Manganese (Mn) concentrations and the probability of arsenic (As) exceeding the drinking-water standard of 10 μg/L were predicted in the Mississippi River Valley alluvial aquifer (MRVA) using boosted regression trees (BRT). BRT, a type of ensemble-tree machine-learning model, were created using predictor variables that affect Mn and As distribution in groundwater. These variables included iron (Fe) concentrations and specific conductance predicted from previously developed BRT models, groundwater flux and age estimates from MODFLOW, and hydrologic characteristics. The models also included results from the first airborne geophysical survey conducted in the United States to target an entire aquifer system. Predictions of high Mn and As occurred where Fe was high. Predicted high Mn concentrations were correlated with fraction of young groundwater (less than 65 years) computed from MODFLOW results. High probabilities of As exceedance were predicted where groundwater was relatively old and airborne electromagnetic resistivity was high, typically proximal to streams.

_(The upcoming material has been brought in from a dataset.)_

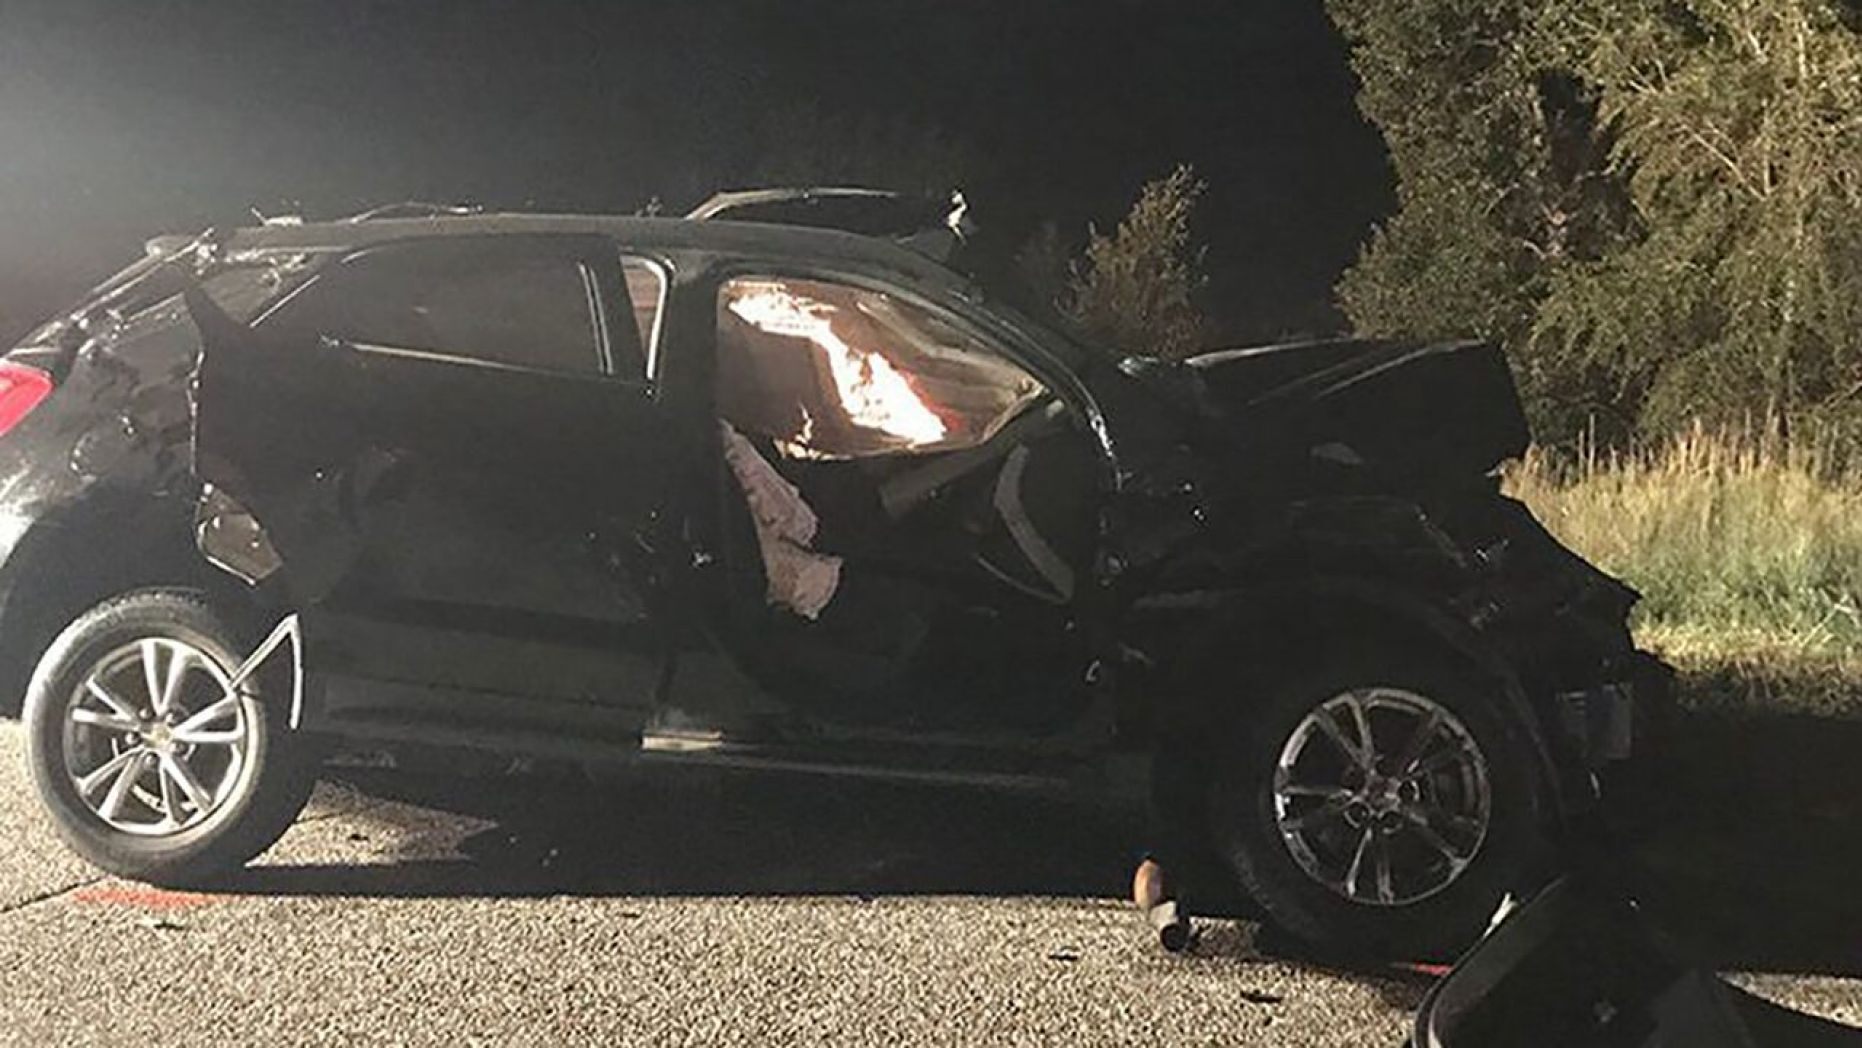 Harris's car accident

Two-variable partial-dependence plots and sensitivity analysis were used to provide insight into the factors controlling Mn and As distribution in groundwater. The maps of predicted Mn concentrations and As exceedance probabilities can be used to identify areas where these constituents may be high, and that could be targeted for further study. This paper shows that incorporation of a selected set of process-informed data, such as MODFLOW results and airborne geophysics, into a machine-learning model improves model interpretability. Incorporation of process-rich information into machine-learning models will likely be useful for addressing a wide range of problems of interest to groundwater hydrologists.